Sciabarra does very will in presenting the crucial area of Rand's epistemology, though many of his presentations would be less confusing without the attempt to build a dialectical explanation onto everything. At times, he appears to note the over-ambitiousness of his program; for example, after presenting a dialectical explanation of her view of the intrinsic, subjective, and objective, he writes: "It is not quite accurate to say that Rand actually constructed her resolution out of the debris of these false alternatives." But leaving aside the attempt to build the dialectical construction, the discussion is among the best available of this issue.
Sciabarra loves to draw unexpected parallels between Rand and thinkers whom she violently disagreed with, and I suspect he gets a certain pleasure from the shock value. For example, he compares Rand's view of the "new intellectual" with Trotsky's view of the ideal communist man. Doing this may be fun up to a point, but it can also obscure the fact that these similarities have little significance in a wider context. One could play the game using almost any thinker. For instance, Jesus and Ayn Rand both stressed the value of the individual soul, and Rand even has the heroine endorse one of Jesus' sayings on this point in the screenplay of Love Letters; but this doesn't mean that there is any significant affinity between Objectivism and Christianity.
More valuable is the extensive discussion of the similarities and differences between Objectivism and Austrian economics. Rand stressed the affinities between her views and the Austrian school, perhaps largely because of her personal admiration for Ludwig Von Mises. But there are also major differences, particularly with F. A. Hayek's version of the Austrian philosophy, and Sciabarra discusses these at length.
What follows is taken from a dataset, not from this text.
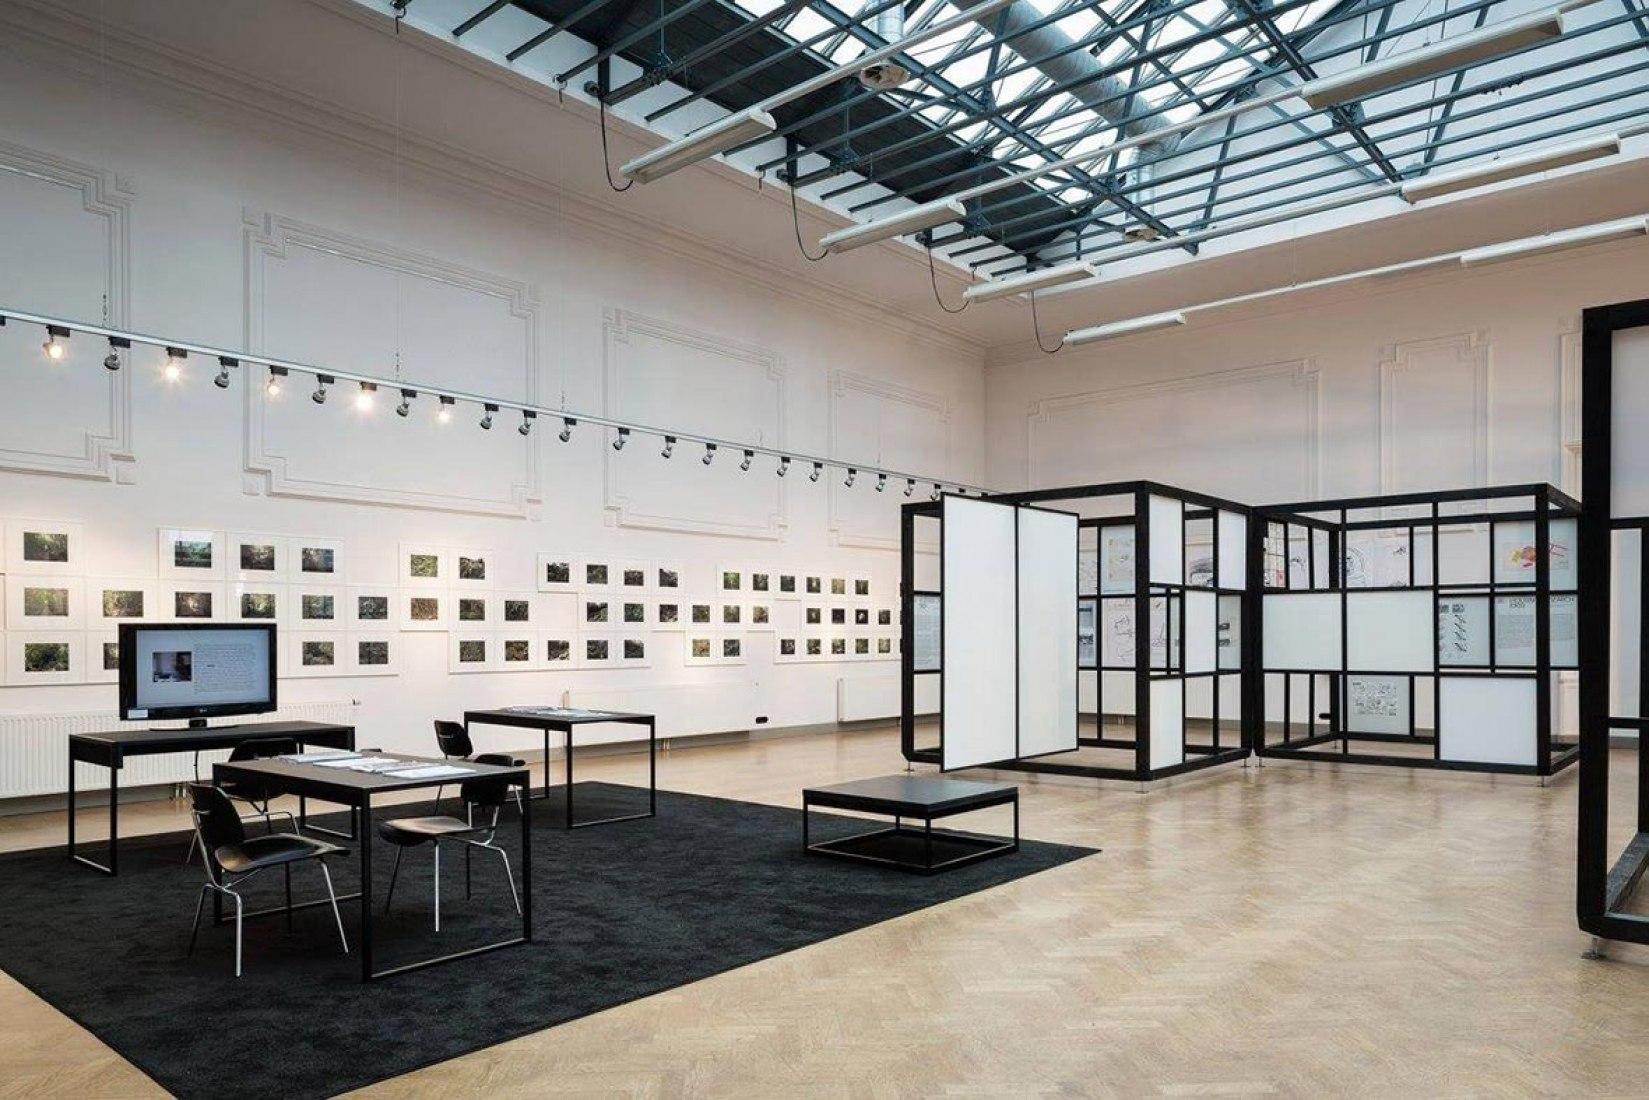 Vista interior de la exposición en Timmerfabriek. Cedric Price Exhibition por Bureau Europa.

There are many little gems of information in the book, such as the comparison between the original and revised editions of We the Living, and a more authentically Russian version of Rand's birth name -- Alissa Zinovievna Rosenbaum -- than the one Barbara Branden offers. The footnotes are extensive and intriguing; in fact, this is the first book I've ever read in which the footnotes were worth browsing in themselves. In a nice touch, each footnote page is headed with the corresponding page numbers in the main text.
This review has taken more effort from me than any other review I've written for this list [the mailing list to which I had been sending these reviews], for two reasons. The first is the complexity and importance of its subject matter. This is one of the most thorough books available on Rand's philosophy; only Peikoff's Objectivism competes with it. Second, my audience which includes many readers who are thoroughly familiar with Rand's philosophy. At least two people on this list are mentioned in the book, not counting Sciabarra himself. While I don't think I've let myself be intimidated by these facts, I've put in an extra effort to make this a substantive and objective review. I leave the evaluation of the result to you.